If you’re looking for a brief (650ish words) summary on a topic in history you’re in the right place! You can find reading passages for U.S. History and World History topics and can download a PDF copy for yourself. If you need a digital copy there is a Google link provided as well.
This is an ongoing project, so stop back frequently and see what we’ve added. When I say “we” I mean my brother and I. I have been teaching social studies for 19 years and my brother, Joe, is an historian. Between the 2 of us we create these reading passages.
TO VIEW A DIRECTORY ALL OF THE UNITED STATES HISTORY PASSAGES CLICK HERE.
If you’re interested in some close read lesson ideas for teaching with this resource this article will help.
MARBURY VS. MADISON
The Supreme Court of the United States in an important sense truly “arrived” when it handed down Marbury v. Madison (1803). Chief Justice John Marshall not only clearly established the principle of judicial review but did so in a crafty fashion that carefully handled the various legal and political complexities involved.
The First Congress, with many people who worked on the Constitution as members, passed the Judiciary Act of 1789 to fill in various details regarding the courts. President Washington, who presided over the Constitutional Convention, signed it into law. An update was passed at the end of the presidency of John Adams, in part adding new judges and other court personnel such as justices of the peace.
The new law allowed President Adams, a Federalist, to fill many positions before incoming President Jefferson, a Democratic-Republican, came into power. At about the same time, John Marshall was also confirmed as Chief Justice. Marshall was then President Adams’ Secretary of State, one of his duties being to make sure commissions (written notifications that someone was given a position) were delivered. Marshall remained as Secretary of State to the end of Adams’ term.
The law was passed so late that President Adams nominated a bunch of people to fill the new positions with only two days left in his term. His political opponents denounced these as “Midnight Judges,” inserted at the last moment to allow the losing party to retain power. The whole thing was so last minute and rushed that some of the official commissions were not delivered when Adams left office.
Marbury and Madison
President Jefferson told his own Secretary of State, James Madison (whose important role in its formation led to him to be named the “Father of the Constitution”) not to deliver some of the commissions. Jefferson believed that he had the power to do so, the people not officially having the right to hold the office until the commission was delivered. A few people denied a commission, including William Marbury, sued using a method found in the Judiciary Act of 1789. Thus, we have the court case at hand: Marbury v. (versus or against) Madison.
The lawsuit was part of a wider political dispute involving the new judicial legislation and the courts in general. The courts were very important, and each political party had a different view about their proper role. Also, if the Supreme Court did agree with Marbury, would Jefferson agree to give Marbury his commission? How could the courts force him, when as Alexander Hamilton (if not in song) noted, judges had neither the power of the purse (money) or sword?

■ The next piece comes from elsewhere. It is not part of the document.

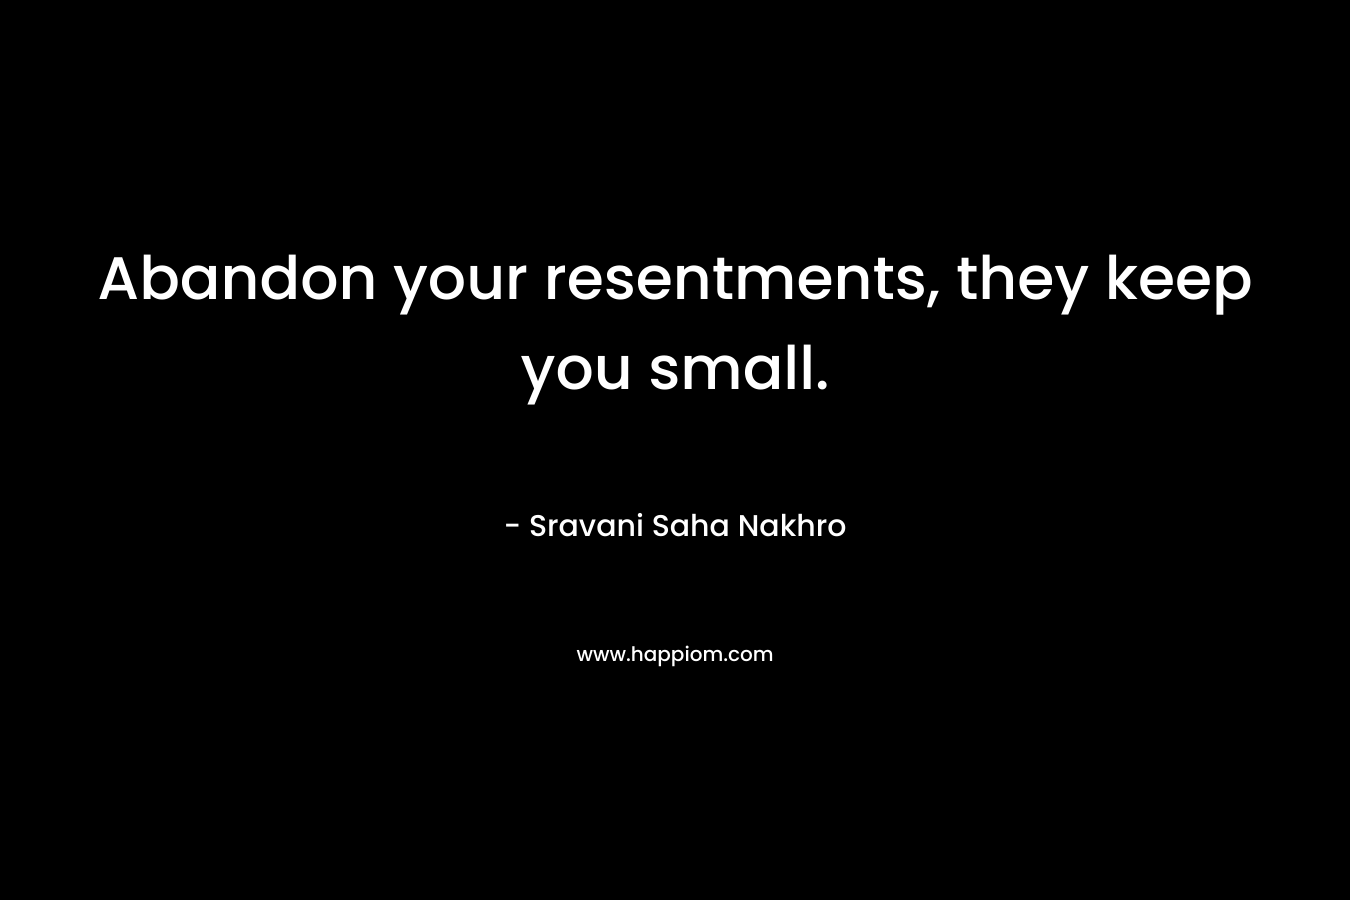 Abandon your resentments, they keep you small. – Sravani Saha Nakhro

Chief Justice Marshall in his opinion carefully handled all of these concerns. Marbury did have the right to his commission, actual delivery not required, and Madison did have a duty to deliver it. But, the means used by Marbury to try to get it was improper. The special type of legal order authorized by the law gave the Supreme Court a power not authorized by the Constitution itself. The Supreme Court was unable to order Madison to give Marbury his commission.
The Supreme Court has the special duty to interpret the law, including the Constitution, the supreme law of the land. If a lesser type of law, such as a law Congress passes, violates the Constitution, the Constitution wins. This power of the courts to decide that a law is unconstitutional, violating the Constitution, is known as judicial review. Marshall carefully established an important power but in such a way that the case itself actually limited the Court’s power. It was a rather clever solution, basically losing a battle while winning long term.